The visualisation of the Gensim topics is not so clear at first glance, because there are many more edges. But a similar red, blue and yellow clustering can be observed. One issue with the Gensim algorithm was however that it responded much more to address information in the letters, and this influences the topic modelling process. This can be observed when looking at the generated topics, the clustering of the letters and the transcriptions of the individual letters. Address information is currently part of the transcription. The plan for the future it to encode the letters in TEI. When they are TEI encoded the stripping out of address information, salutation, etc. will be easier and much clearer topics can be generated.
Gephi is a suit for interactive visualisation of network data. It is very often used for topic modelling in the Digital Humanities. As an introduction I suggest just play around with it, a how-do reading would be Gephi for the historically inclined. The best is however to get a few data sets and just try to use Gephi. For examples see the following blogs:
Essentially a challenge is to transform the output you get from Mallet or Gensim into a useful input for Gephi (edges and nodes files). On his blog Elijah goes into detail explaining how he visualized the Mallet output.
I wrote a function in my export/outputter module that converts Mallet output to Gephi edges data and saves it to a file. To view the module feel free to have a look at my project on GitHub.
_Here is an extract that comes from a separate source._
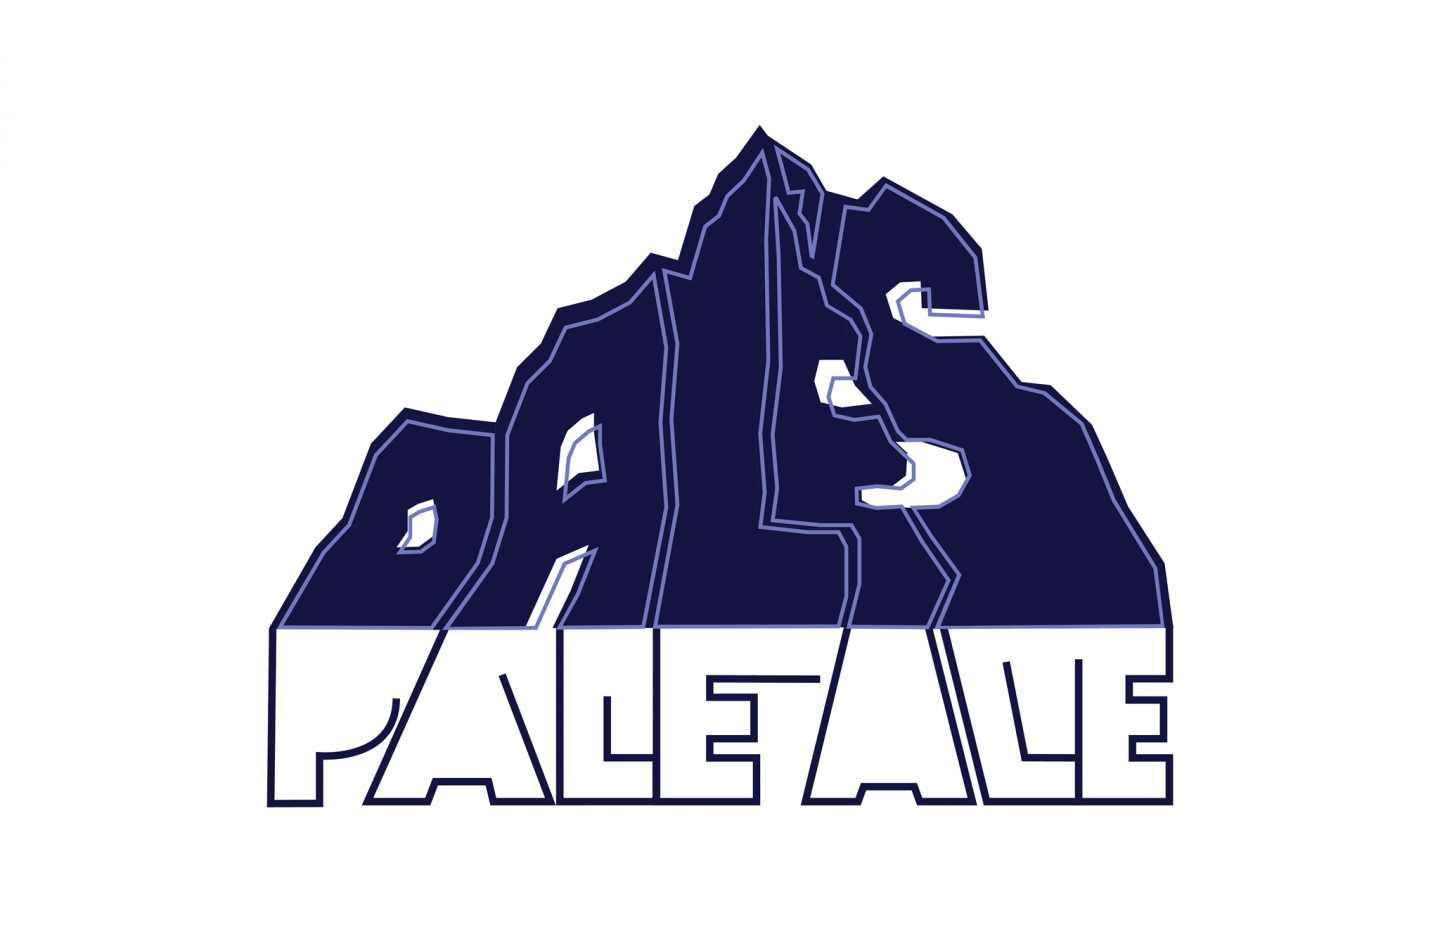 Dale's Pale Ale

PyEnchant is a Python library for spell checking. As part of my text cleaning process I employ PyEnchant to automate the normalisation of words in my the 1916 Letters corpus. The cleaning with PyEnchant or similar tools has to be done carefully, because it is very easy to clean too much and correct words that were right in the first place. Therefore, a human-supervised, semi-automated normalisation process is probably the best solution. Thanks to Emma Clarke for suggesting PyEnchant it is a very useful tool.
In regards to spelling there are several issues that could have negative influence on the outcome of my analysis. The 1916 letters are being transcribed using a crowdsourcing approach. Spelling errors can happen during the transcription process, or the source letters contain wrong spelling and it is not corrected by the transcriber. Furthermore, the letters were written at the beginning of the twentieth century and written by people with very diverse education and from different countries. Naturally, in some cases the spelling will differ. An automated spell checker is a useful tool to ensure some consistency within the collected transcriptions.
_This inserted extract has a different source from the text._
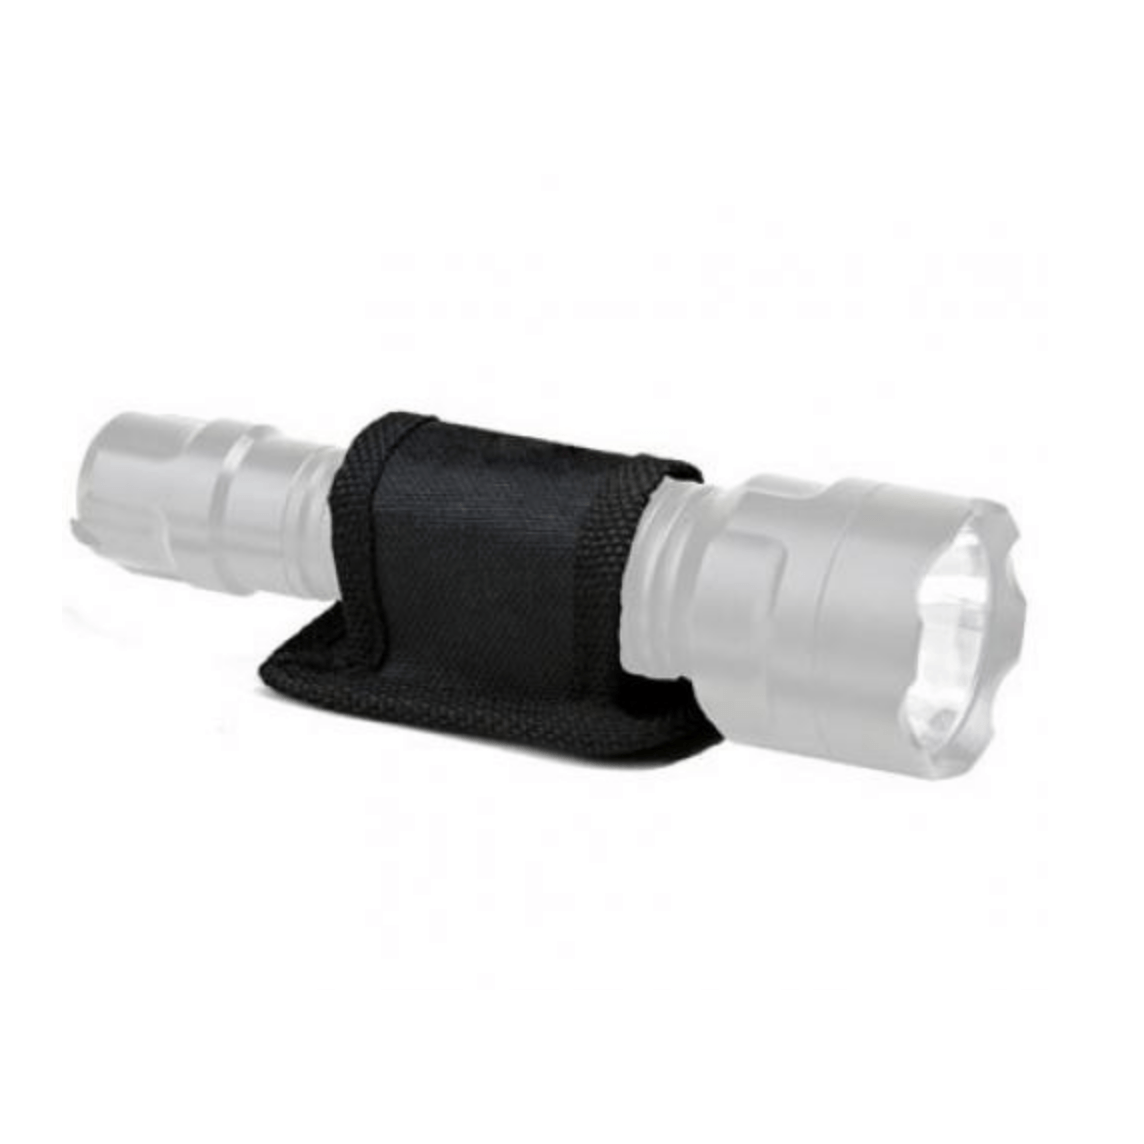 Mini Nylon Holster with Belt Loop - Ideal for Fogger Pepper Sprays -

My spell check function is included into the cleaner module and looks something like this at the moment:
with open(SPELL_CHECK_PWL, "r") as f:
all_pwl = f.read().lower()
d = enchant.DictWithPWL("en_US", temp_pwl_file)
err = 
for w in wordlst:
if not d.check(w):
first_sug = d.suggest(w)
if w != first_sug.lower():
The result will be a file that contains a list of suggested spelling errors and a guess for a solution. The global variable SPELL_CHECK_PWL refers to a personal word list file. I add a word to the PWL every time the spell checker thinks a word wrong, but it is actually correct and I do not want it corrected.
A sample form the result file looks something like this:
Named Entity Recognition (NER) is the task to identify and tag entities such as person names, company names, place names, days, etc. from unstructured text. Unstructured texts are for instance plain text files, such as the letters I am working on after the XML markup is removed. As discussed in previous posts the XML markup added through crowdsourcing was inconsistent and in most cases did not parse anyway.
NER is relevant for my project as it allows me to identify and if necessary to build up a stopword list of names that are necessary to be striped in a pre-processing stage. One issue with my letter corpus is that each transcription starts with address information. Furthermore, a personal name like ‘Peter’ provides me with little useful information about a letters content.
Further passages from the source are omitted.